All afternoon I watched three shadows moving beneath us. Mine in front, Akbar’s at the rear and between us the mule’s: its shadow legs, twenty feet long, jerking like a spider’s over the glowing thorn scrub. I felt happiest in the afternoons. The flat glare of noon had gone but the day was not yet over. Staring at that shadow image of our motion and our isolation on the 7000-foot ridgeline, I said: ‘Isn’t it beautiful?’
‘Not for me.’
Akbar did not reply. He often didn’t reply.
I hadn’t imagined that I would have Akbar with me when I crossed Iran. I planned to walk around the world, a journey which seemed to me to be very simple. I was able to explain it to my five-year-old godson and he said he would follow me on a map. I left my job and travelled on three dollars a day, like a backpacker. But I thought that my slow pace and physical contact with the ground would help me understand the Asian landscape better. Since I would be moving at an archaic speed on old pilgrimage and trade routes, or passes used by Alexander, and sleeping in remote villages, often inaccessible to cars, I hoped to develop a different view of local cultures from other travellers. I was also interested in what two years walking on my own would do to the way I thought.
An Iranian official met me at the Turkish border and said: ‘It is forbidden to walk across Iran.’
‘But you can hitchhike, ride or cycle.’
‘Yes, but you cannot walk.’
We debated the subject for a week and they finally agreed that I could walk, on condition that I took a Government escort. Akbar is older than me. He is half a civil servant and half a climber: he has reached the summit of Everest. But he was not a guide because he did not know the way and he was not quite a companion because he walked a hundred yards in front of or behind me. I suspect he hated the walk. His Iranian gym shoes, with the label ‘Nike by Ralph Lauren’, rubbed his feet raw. He never complained but in the evenings I saw him trying various homeopathic remedies. He soaked his feet in henna until they were dyed purple. I can only guess why the Government wanted him with me but we spent every night together and he shaped my understanding of the journey. He often repeated the phrase: ‘Iranians are famous for their hospitality and generosity.’
In the course of three months we were differently mistrusted almost every night in every village. Villagers assumed that, as strangers on foot, we were dangerous men. So did the police. Sometimes we concealed Akbar’s Government credentials, sometimes we emphasised them, but neither approach seemed to overcome the hostility.

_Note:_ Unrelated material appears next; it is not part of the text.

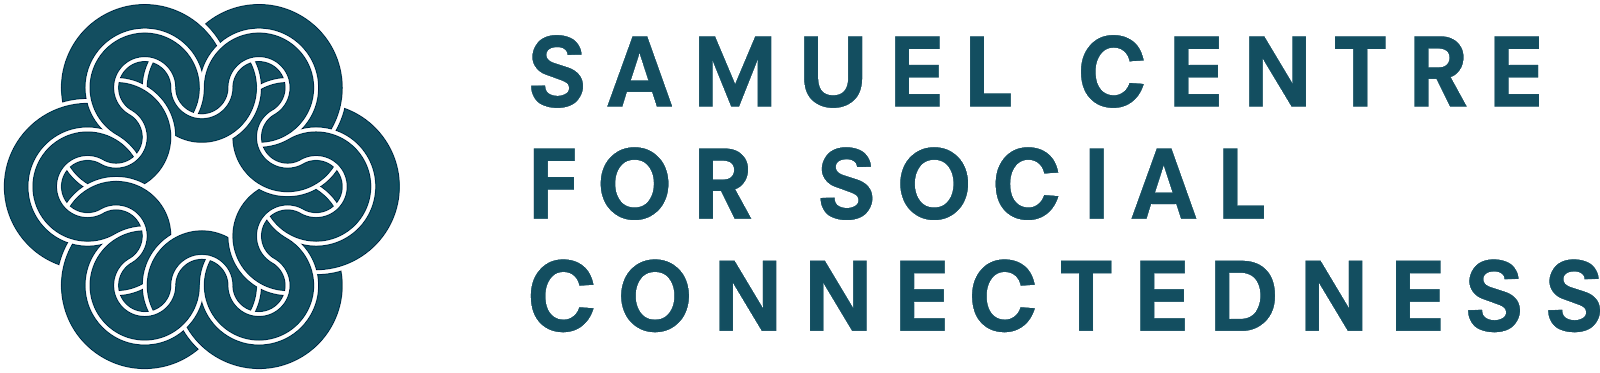 The Samuel Centre for Social Connectedness logo - a teal flower
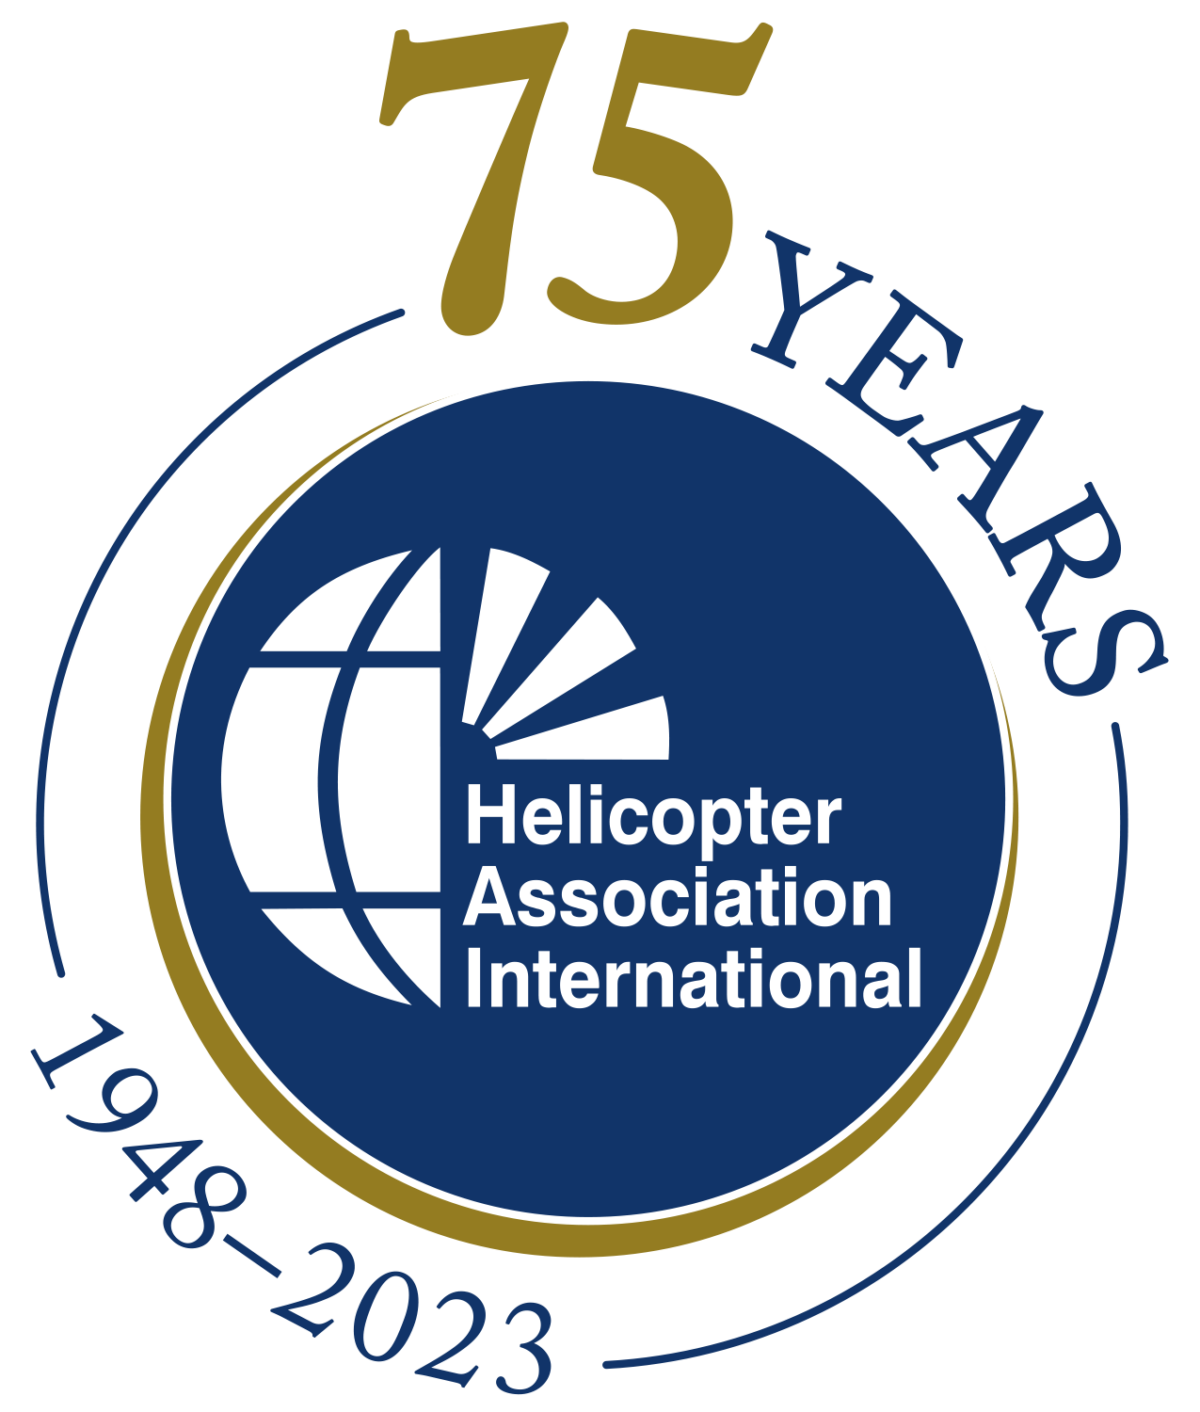 HAI Celebrates 75 Years

People often said that his identity card and my passport were forgeries. Nobody believed I was a foreigner. They thought I was only pretending to speak bad Farsi. Their fears are a reflection of the violence of the Iranian countryside. A man from the north-east told us that four hundred Afghans with automatic weapons had kidnapped his father from his village a few months before and only released him for a ransom of a thousand dollars.
Many villagers assumed that we were smuggling drugs. One man, who offered us opium before dinner, said that in his village 70 per cent of the men and women smoked between two and twelve grams a day. He blamed the problem on British sales of opium in the 19th century. The more aggressive aspects of the Government’s anti-narcotics campaign have terrified villagers and some would not sell us bread because they were afraid they would be arrested for aiding drug-smugglers.
What we were accused of most often was digging for archaeological treasures on a nearby tumulus, or in the village cemetery. A week after we left one village our host was arrested and charged with helping us look for ancient bronzes. This is a common activity. The last grave robbers in his village had turned up in police uniform. South of Lake Ormieh we climbed through a cave in which a Tehran gangster was found dead from methane asphyxiation earlier in the year. He had been tunnelling in secret for ten months, hoping to find Scythian gold.
In one cemetery we visited, every gravestone had been smashed. Among the mounds of earth were large stone rams and tigers, lying on their sides. One of the rams had a bow and a quiver of arrows carved on its back. ‘These probably date from before Islam,’ I said to Akbar. There was a rifle carved on the other side.
A group of four men had been slowly walking towards us and, as they reached us, the leader, eyes heavy with opium, shouted in Farsi: ‘You have come here to rob the graves. You are grave robbers. I will not let you take this gold. It is for us. If anyone digs here it is us. I will call the police. Give me your ID card.’
We ignored them and went back to get the mule before leaving the village. The men followed us shouting for a hundred yards and then disappeared. As we walked up the mud-slurry of the village streets, people stopped talking. I saw women staring at us through half-closed courtyard doors. One by one, they slammed the metal gates shut as we approached. A group of young men, pressing themselves against a wall as the mule and the saddlebags squeezed past, stared into my eyes unblinking. When I was ten yards down the street one muttered: ‘Kurdish smugglers, bringing things from Iraq.’
It is not the pessimism of these assumptions, or even what follows from them, that I found unsettling. It is particularly hard to define yourself when you have no fixed relationships. To be an Afghan drug dealer one day and a Kurdish freedom fighter the next (not just in idle fantasy but all the way to the police station) troubled me.